A total 560 participants (160 aged 18 to 55, 160 aged 56 to 69 and 240 aged 70 or over) were split into 10 groups.

They received either the ChAdOx1 nCoV-19 vaccine at a low or standard dose, or a control vaccine (the meningococcal conjugate vaccine). Participants aged over 55 years were split into groups and given a single dose of vaccine or two doses 28 days apart.

The COVID-19 vaccine had similar immunogenicity across all age groups after a boost dose

It induced antibodies against the SARS-CoV-2 spike protein and receptor binding domain 28 days after a single low or standard dose across all age groups.

Following the booster dose, antibody levels increased at day 56 of the trial, irrespective of dose or participant age. The same was seen with levels of neutralising antibodies at day 42, two weeks after the booster vaccine dose.

By 14 days after the boost dose, 208 of 209 (more than 99%) participants (all ages and doses) had neutralising antibody responses.
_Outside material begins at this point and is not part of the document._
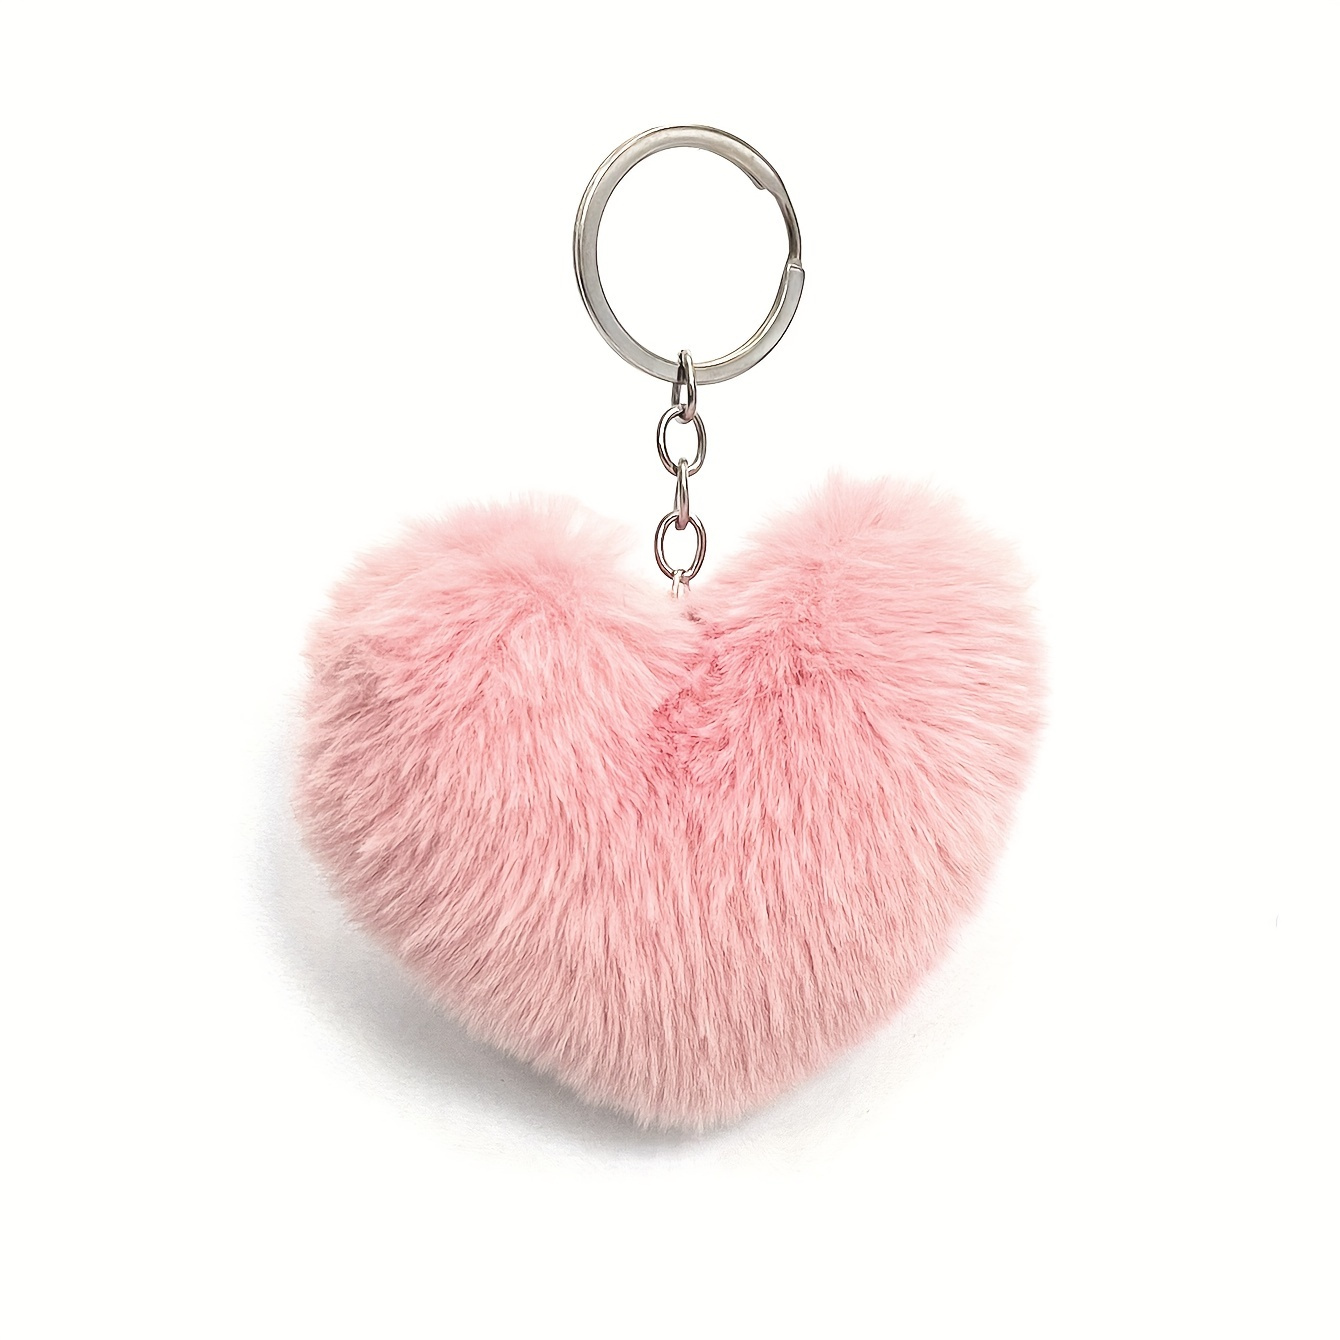 6 Large Fluffy Genuine Fur Pom Pom Handmade puffy Keychain Ball Car  Keyring / Bag Purse Charm ( Blue)

T cell responses against the SARS-CoV-2 spike protein peaked 14 days after first vaccination, regardless of age and low or standard vaccine dose.

Co-author Professor Sarah Gilbert said: “Questions remain about effectiveness and length of protection, and we need to confirm our results in older adults with underlying conditions to ensure that our vaccine protects those most at risk of severe COVID-19 disease.”